July 30, 2022 - 12:50 AMT
Greenland ice melt kicks into high gear

The Greenland Ice Sheet saw a sharp spike in the rate and extent of melting last week, with 18 billion tons of water running into the North Atlantic in just three days. Satellite photos reveal melt ponds dotting the ice cover, particularly near the coasts, Axios reports.

Greenland's melting ice is the top annual contributor to global sea level rise. How much of and how quickly the ice sheet is lost will determine the fate of coastal cities from Hong Kong to Miami.

An uptick in ice loss that occurred during the July 15-17 period sent enough water careening off the ice sheet to fill 2.4 million Olympic-sized swimming pools, said Ted Scambos, a climate scientist at the University of Colorado at Boulder, in an interview.

Put another way, it was the equivalent of covering all of West Virginia in four inches of water per day, for a total of 1 foot.

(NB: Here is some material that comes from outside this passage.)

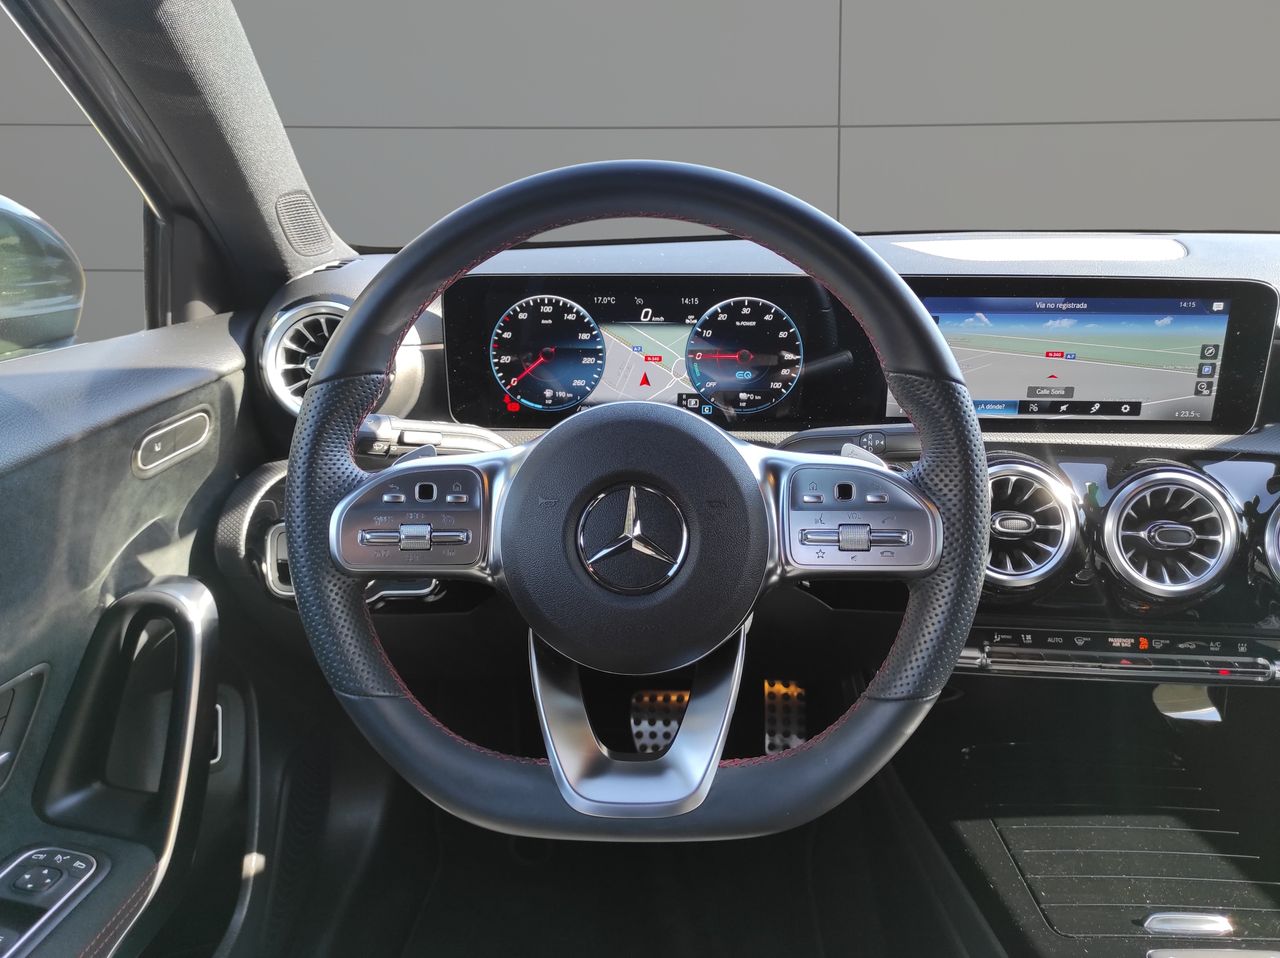 Foto Mercedes-Benz Clase A 12

While this sounds extreme, Scambos said it doesn't rank as the highest melt surge scientists have witnessed in recent years. Periods of exceptionally mild weather, even at the highest reaches of the ice sheet, have become common since about the year 2010, which some researchers find unnerving.

Context: "Since 2010, especially 2012, there have been lots of very extensive melt events," Scambos said, noting that northern Greenland, which was involved in the most recent event, has been seeing increasing intrusions of milder air and higher melt rates.

"This was a widespread event," he said. "Overall, it continues to indicate that Greenland is trending towards more melting than was the case in the 1980s and 1990s."

Scambos tied the most recent event to an unusually mild air mass that moved across the ice sheet from northern Canada, and not Europe's scorching heat wave. During it, the temperature reached 34°F (1.1°C) at a high-altitude weather station on the ice sheet, which is unusual for that location.